It was so chilly and grey as I walked into the kitchen Wednesday morning, I felt in my very bones that it was time to make the first batch of Pumpkin Bread for the autumn.
I *love* the recipe I’ve been using for years now, out of a cookbook by Darlene Glantz Skees, given to me by my aunt. The page of the recipe is stained and dirty, with grease smears across it and decade-old sugar crystals stuck to the page. Did I say I love it?
As much as I love it, it has a lot of white flour, veg oil, and a bucketload of sugar in it. So, I’ve been thinking of how I might modify the recipe to still get the amazing, moist, spicy, flavorful loaf that I treasure while exchanging a few things… I plan to do it in some test stages to see what might work and to hopefully isolate anything that might not. The three things I plan to try are: substituting up to half the flour with whole wheat flour; substituting some of the oil with applesauce or more pumpkin puree, and subbing as much of the sugar as possible with some version of Stevia extract.
I’ve already switched this recipe so that I use unbleached raw sugar rather than white. I like the slightly carmel-y flavor the different sugar imparts. So for this recipe I tried the first flour substitution: replacing 1/3 of the recipe’s total amt of white flour with 100% whole wheat, and increasing the amount of baking powder by 50% to compensate. So here goes…
Because there are a LOT of individual ingredients, I like to measure out everything ahead of time. That makes the mixing go smoothly and relatively quickly. I think it also helps with incorporating the components well.
As I measure out the spices, soda, and baking powder, I tend to put them away as I measure. I doubled the soda one time because I wasn’t careful. You can imagine how that turned out. But as I was putting things away, I couldn’t find my baking powder. I’d measured it – I knew that, but it wasn’t on the shelf where I keep everything. Oh well, I thought, I’d find it whenever.
Yep, this is my life . Baking powder in the spoons, keys in the freezer. Welcome to Contemporary Insanity, folks.
Thankfully, I had this to focus on. Mmmmmm, yummy smells:
OK, so I had everything measured and ready to go. Good scents? Check! Cute muffin liners? Check!
Wait a tic… Notice anything missing? Check out my prep again:
Pretty hard to make Pumpkin Bread without, er, PUMPKIN. Gah!
Incorporating the wet ingredients: I like to whisk this a bit to evenly incorporate the eggs. I really get squicky about egg chunks in tea breads. After that quick work, however, I only use a rubber spatula to gently fold in the dry ingredients.
These are sifted into the wet items with my sweet-a$$ old-skool sifter. Which I totally bought at an antique junk store for $4. I can not tell you for how long I have wanted one of these ancient babies; the newbies just are not the same.
Innards and crank: stock. The handle so completely is not. I have no idea where that handle came from, but it magically fits the original screw holes. However, the handle extends down past the bottom edge of the sifter can.

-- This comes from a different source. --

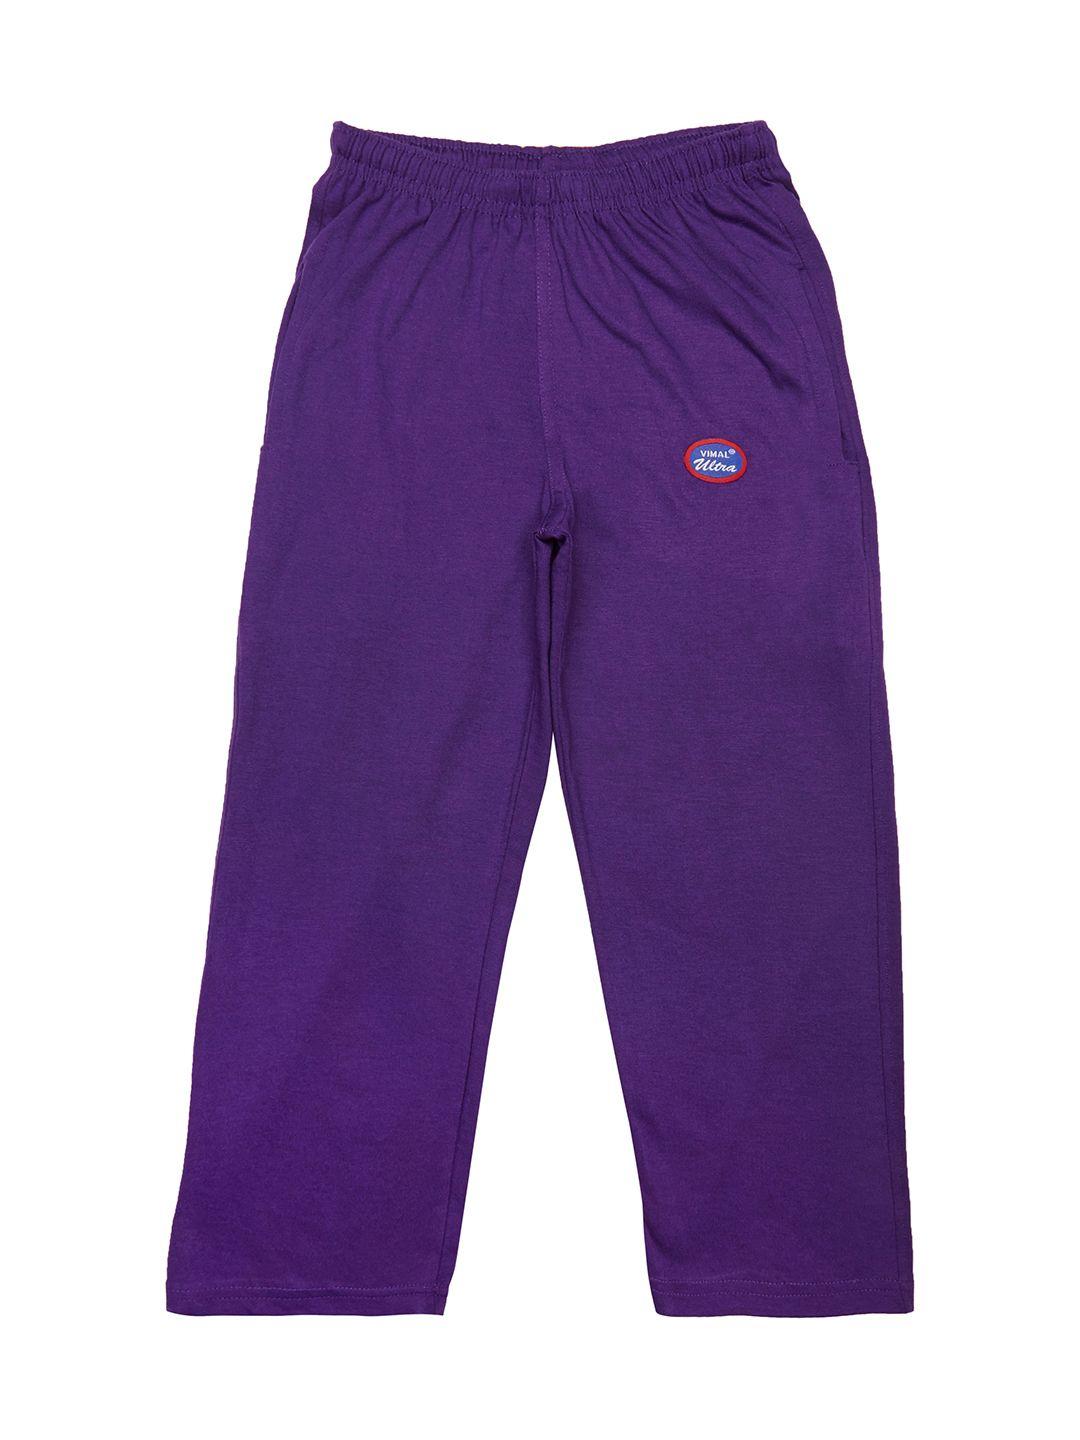 vimal jonney boys purple solid slim fit track pants

It is an exquisite shambles and I LOVE it.
I won’t share with you the words that might be heard in my kitchen when I think I’m done but see this in the bottom of the sifter:
Here’s what it looks like during the second incorporation of dry ingredients. It is so fun to see the swirl of spices drift across the flour and sugar.
Filling the tins: Before I start scooping, I let the batter rest for just a few minutes to give the baking powder a moment to percolate before it’s jammed by oven heat. I have nearly come to terms with the realization that I may be pathologically incapable of filling muffin forms without globbing batter all over everything. I’ve not yet managed a batch with a clean tin.
First out of the oven:
The crumb is perfect on these babies. They are light and still moist, not at all heavy from the whole wheat flour. Exactly what I wanted!
The overall texture is just a tiny bit more toothy than the original recipe, which is what I expected from the whole wheat flour. I like this result so much that I may not try to replace a full half. I think using Stevia is the next item up for substitution.
I bagged the muffins in individual sandwich zips and then put them all in a freezer-rated gallon zip. The mini-loaves I sealed in vacuum packs because I think tea breads keep better in those than in freezer zips. (Learning after the first one, which had all the air sucked out and compressed into “pumpkin bread pudding”, to quickly hit “Manual Seal” as soon as the process started.) Everything was in the deep freezer before the end of the evening.